Today I had the chance to go out with a group of professional drivers on one of Canada’s best race tracks in some of the fastest road cars available on the market.  I had a chance to go around the track in two different models from Porsche and an awesome Audi.  We traveled at times at speeds in excess of 200 kilometers per hour.  The track that we were one is not simply an oval.  Mosport is a road course with ten very crazy corners and multiple elevations.  Corner number two could be one of the most dangerous corners at any race track.  You enter the corner at a high speed and your enter it blind.  Because of the turn and the change in elevation you have no way of  knowing what is ahead and around the corner.  If you are going too fast or you don’t pay attention to the flagman who warns you of upcoming danger, you could wreck your car and end up badly injured. 

I got thinking about something as I went about a dozen laps around the track.  Life is like turn two.  There are many blind turns in life where you can’t see what is beyond the bend in the road or the changes in elevation.  If you are traveling too fast or you don’t pay attention to the warnings of others you can end up having a wreck with the ramifications having significant impact on your life.
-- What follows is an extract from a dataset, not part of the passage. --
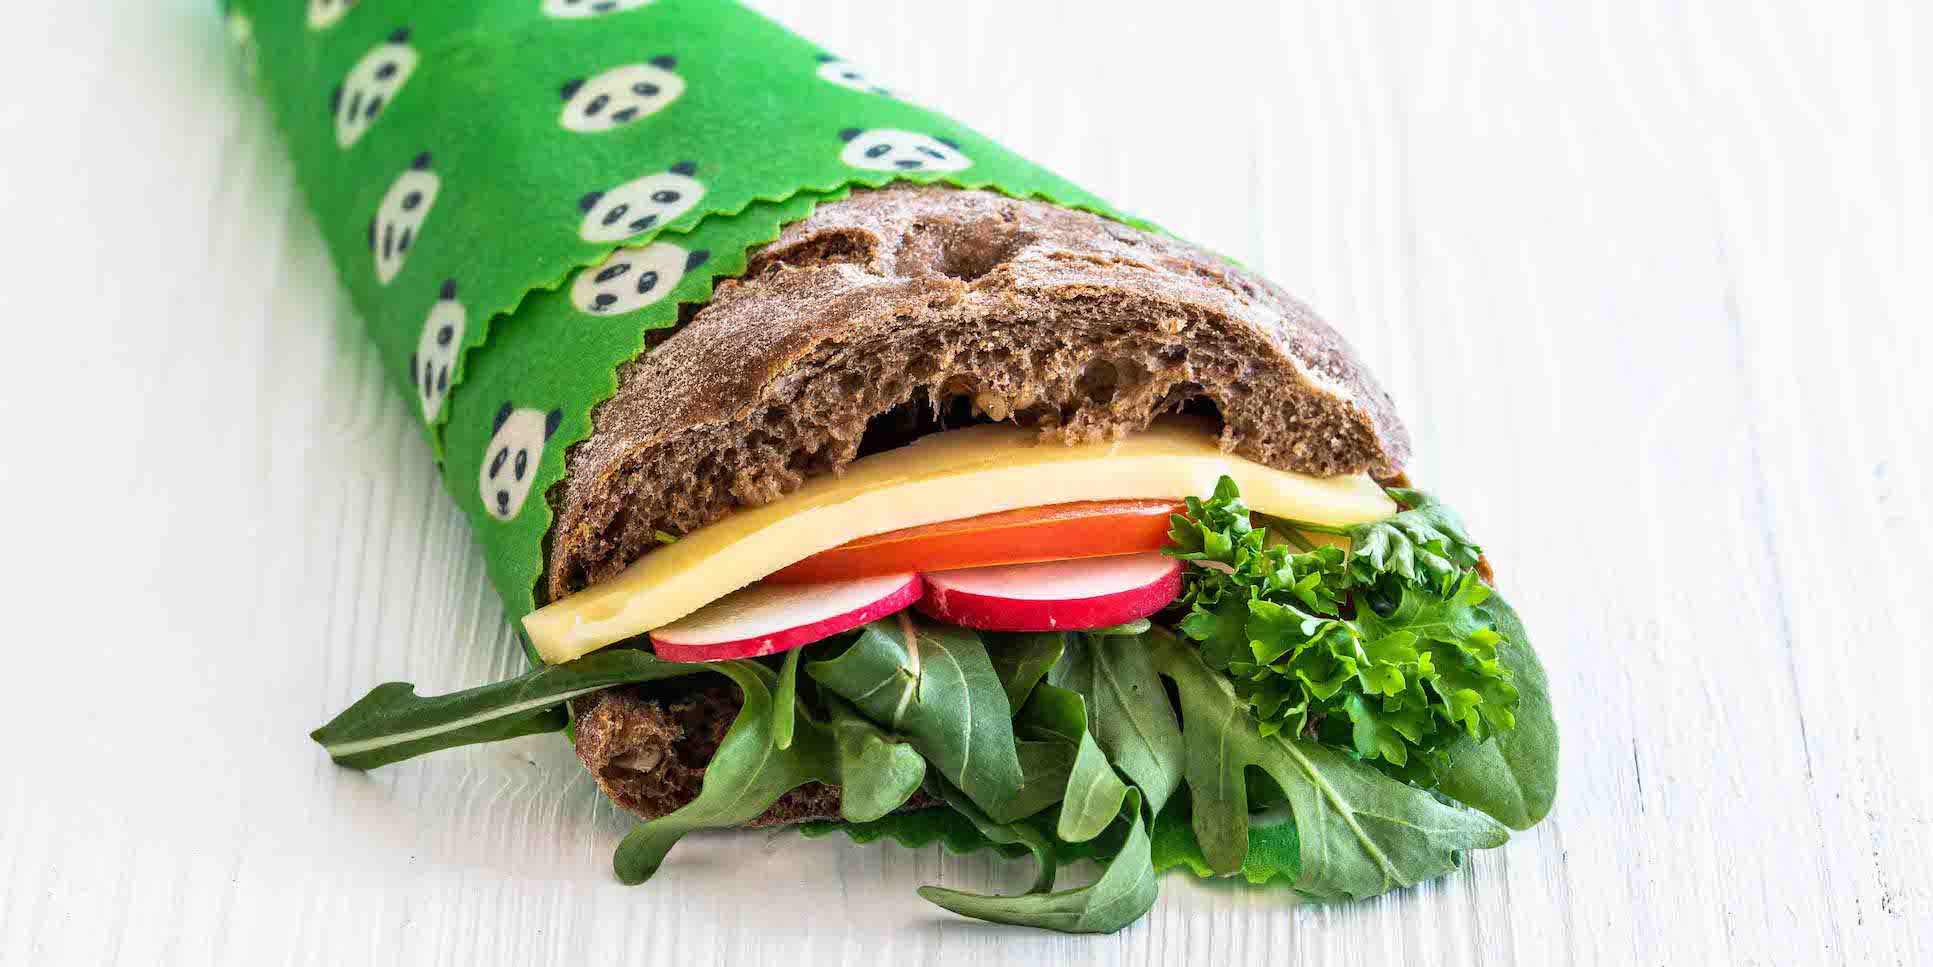 Nahaufnahme von einem dunklen Vollkorn-Sandwich belegt mit Salat, Käse, Radieschen und Rucula. Das Brot ist eingewickelt in grünem Bienenwachspapier mit Pandas darauf

Too many people today are traveling too fast today and they are paying a price.  Yet with all the competition on the track of life, how do you slow down without being passed or lapped?  There are no easy answers.  But more and more people I am talking to are looking for ways to slow down and are not worrying about being lapped anymore.  Their personal health, the relationship with God and their relationship with their family are more important than winning some marketplace or cultural race.   Will they pay a price?  For sure.  But it is a price they are willing to pay because the payoff is the ability to grab ahold of the things in life that really matter.